**Dataset excerpt:**
-----

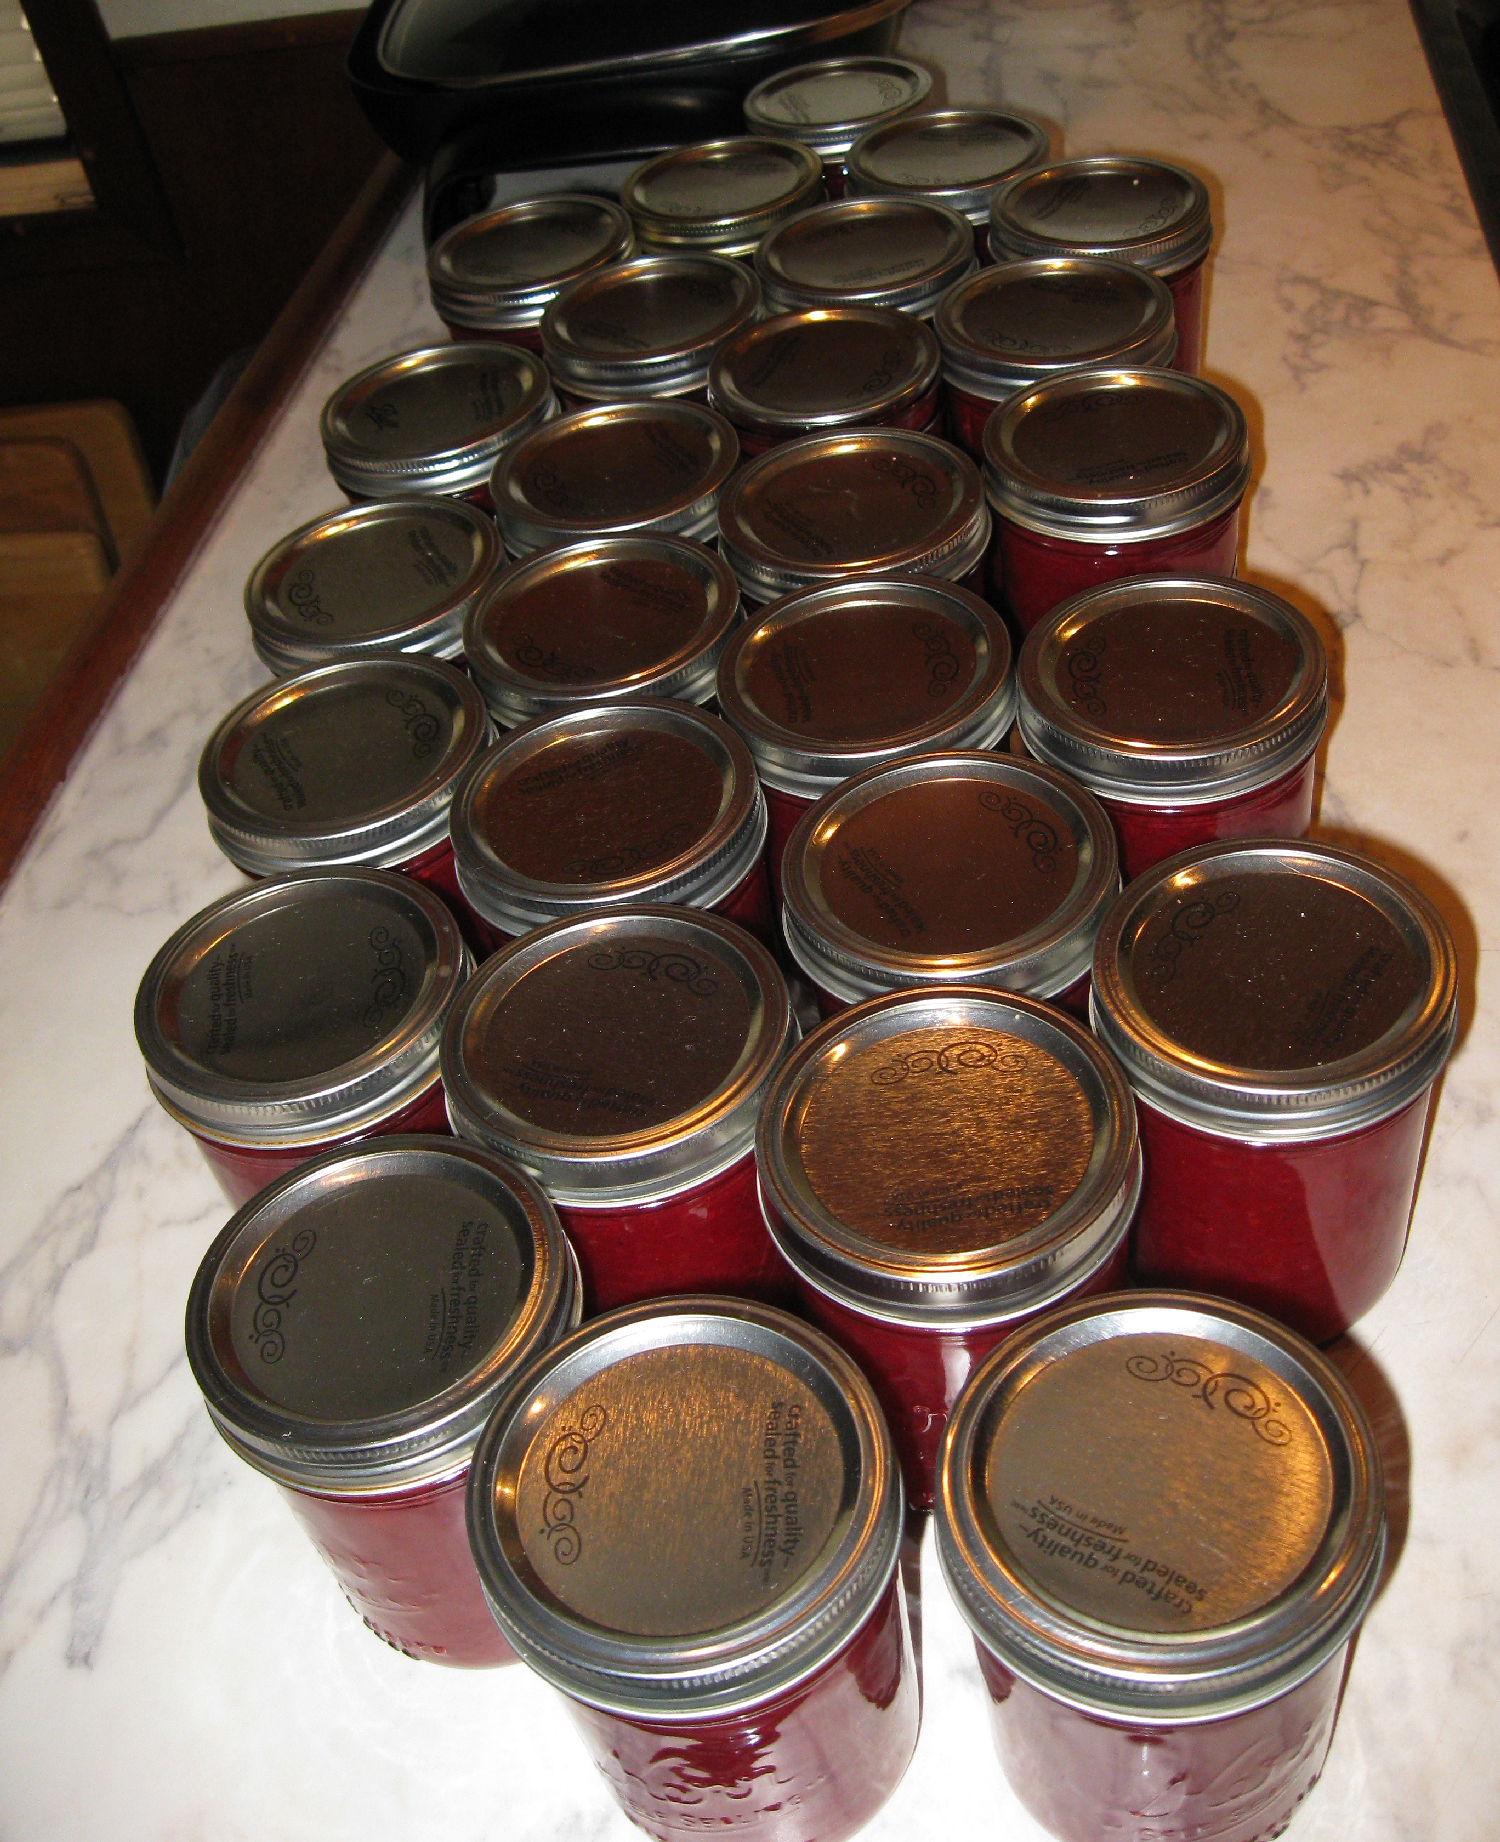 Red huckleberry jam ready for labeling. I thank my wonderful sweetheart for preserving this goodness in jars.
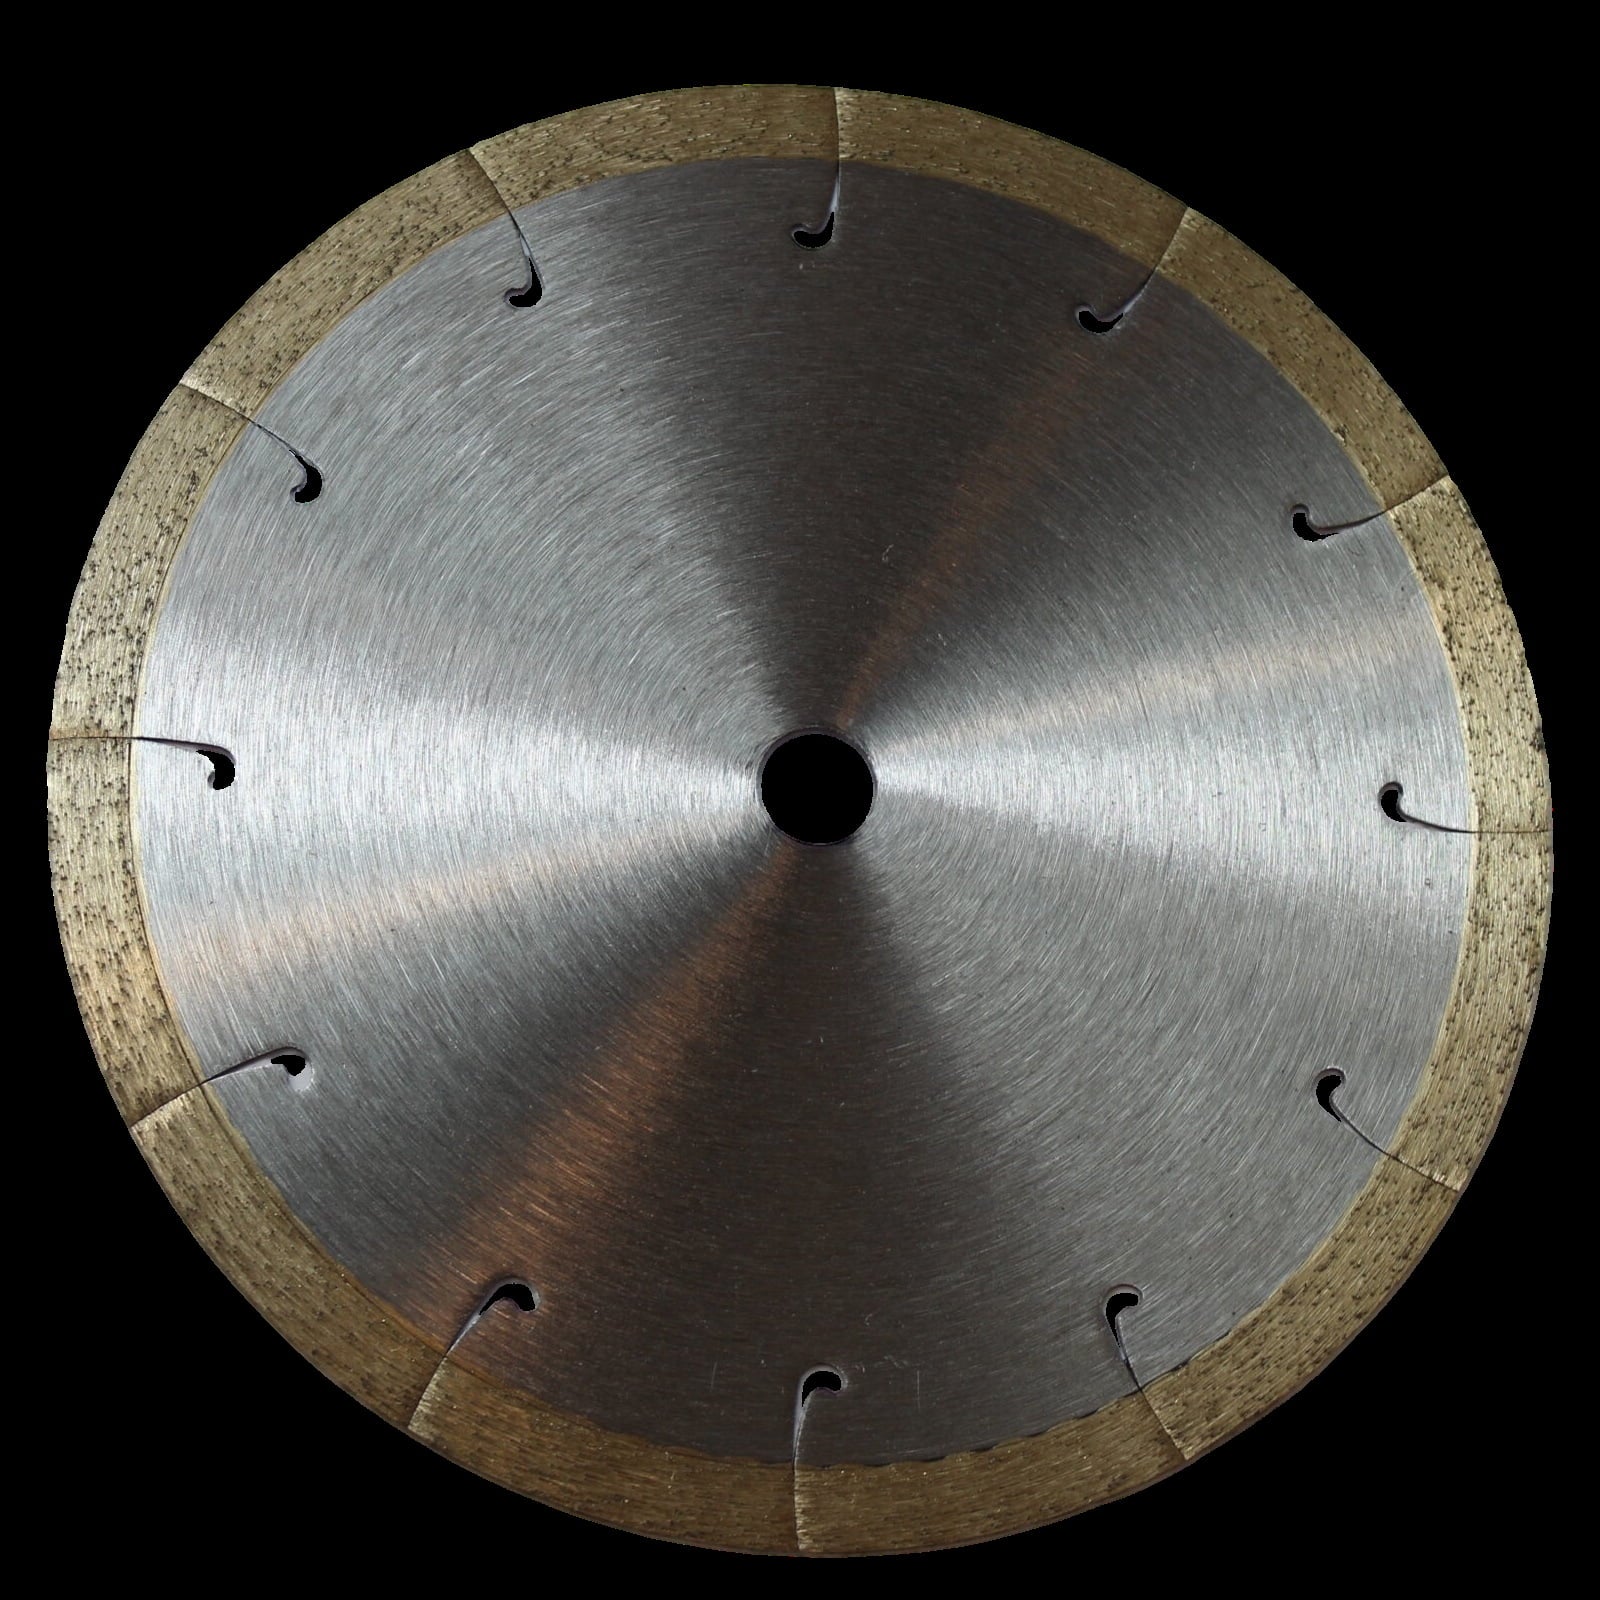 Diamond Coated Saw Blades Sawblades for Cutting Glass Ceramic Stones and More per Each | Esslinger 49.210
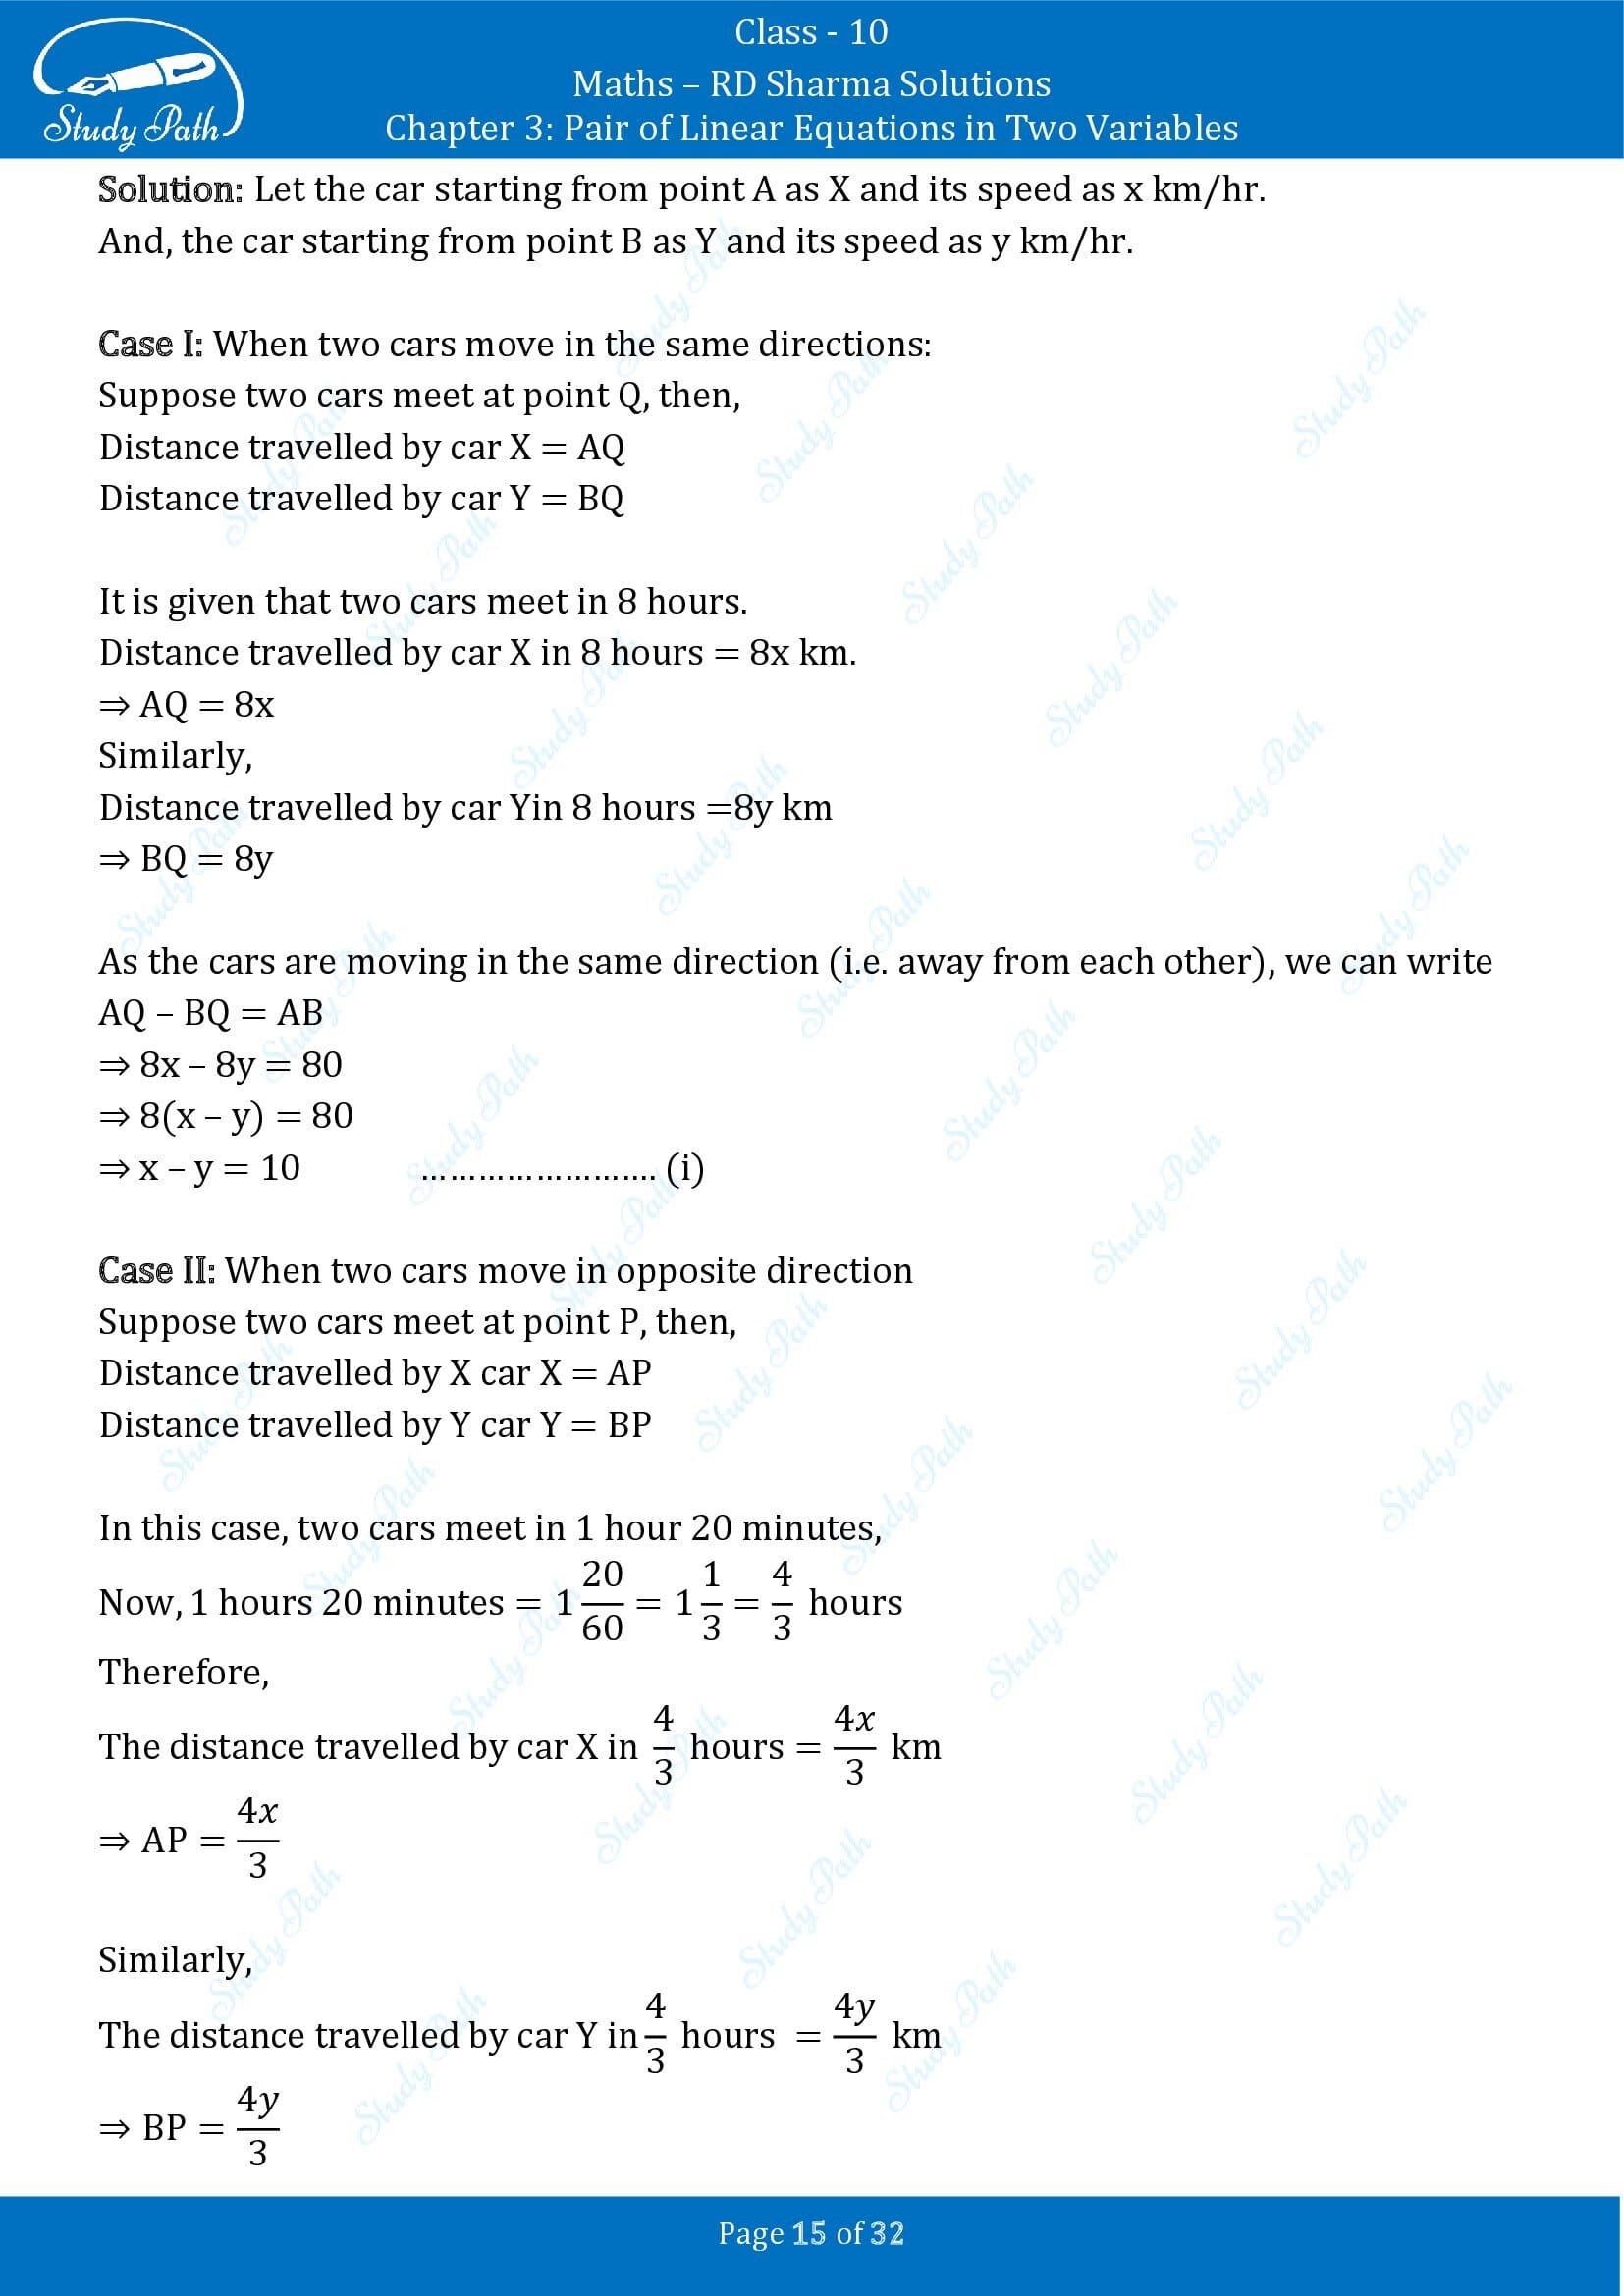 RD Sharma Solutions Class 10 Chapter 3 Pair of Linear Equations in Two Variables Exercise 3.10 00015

-----

**Problem to work on:** Drop the pictures and reproduce the rest of the data above exactly.

**Answer box:**
 Red huckleberry jam ready for labeling. I thank my wonderful sweetheart for preserving this goodness in jars.
 Diamond Coated Saw Blades Sawblades for Cutting Glass Ceramic Stones and More per Each | Esslinger 49.210
 RD Sharma Solutions Class 10 Chapter 3 Pair of Linear Equations in Two Variables Exercise 3.10 00015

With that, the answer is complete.